Unlike his rivalry in modernist planning such as Le Corbusier who promotes internationally style of high urban concentration of planning, Frank Lloyd Wright promotes organic style of architecture. He believes organic suburban planning is a way to allow individuals to enjoy maximum freedom, to great a harmonious relationships between the architecture and the environment. Like he always said :“A free America... means just this: individual freedom for all, rich or poor, or else this system of government we call democracy is only an expedient to enslave man to the machine and make him like it.” So Frank Lloyd Wright went away from traditional thinking of planning and proposed what he called “Quadruple Block Plan.” This design strayed from traditional suburban lot layouts and set houses on small square blocks of four equal-sized lots surrounded on all sides by roads instead of straight rows of houses on parallel streets. The houses were set toward the centre of the block so that each maximised the yard space and included private space in the centre. This also allowed for far more interesting views from each house.
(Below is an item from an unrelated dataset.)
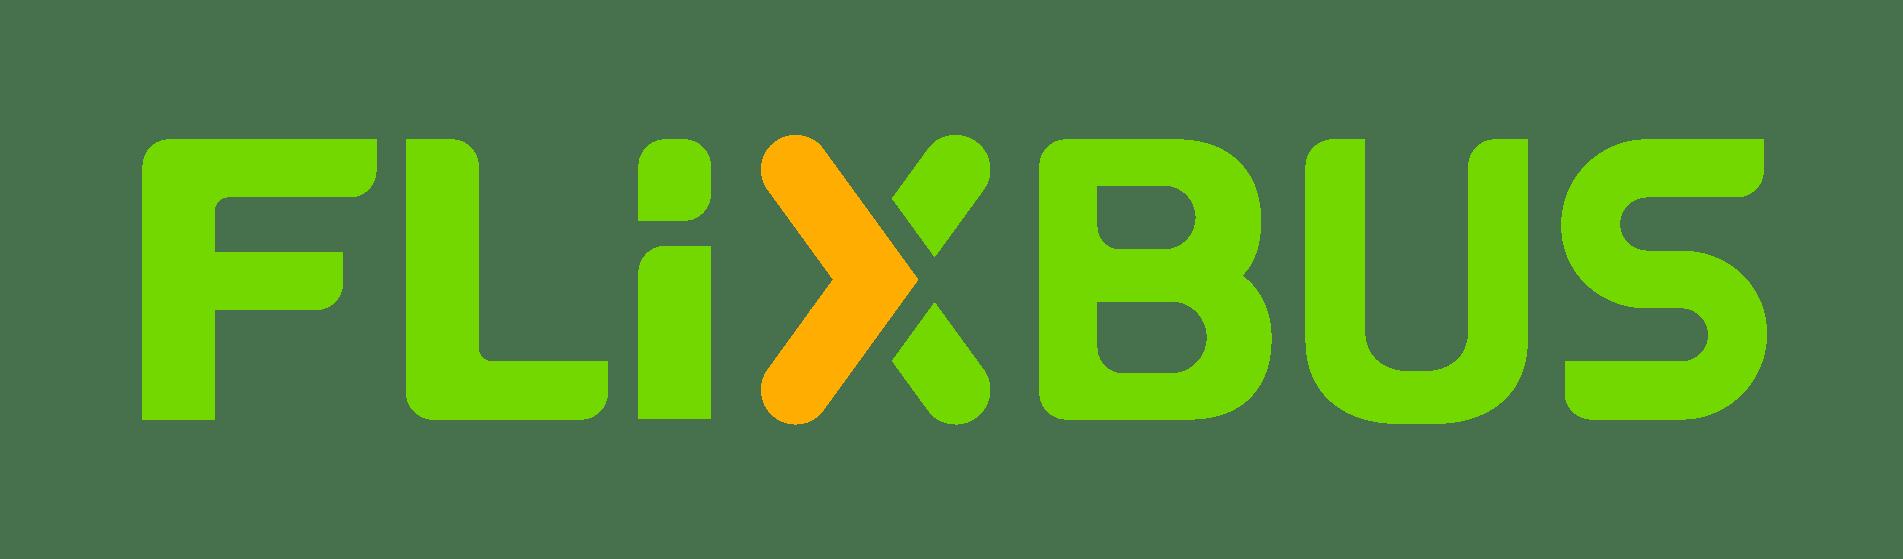 https://www.secomitravel.ro/wp-content/uploads/2019/04/flixbus_logo_rgb.png

Picture : 1903 (Projects for Charles E. Roberts 1896 - 1903) by Frank Lloyd Wright
This first Quadruple block plan ever commissioned



Frank Lloyd Wright also pursuit the same philosophy in buildings internal fixtures, including furniture, carpets, windows, doors, tables and chairs, light fittings and decorative elements. He was one of the first architects to design and supply custom-made, purpose-built furniture and fittings that functioned as integrated parts of the whole design, and he often returned to earlier commissions to redesign internal fittings.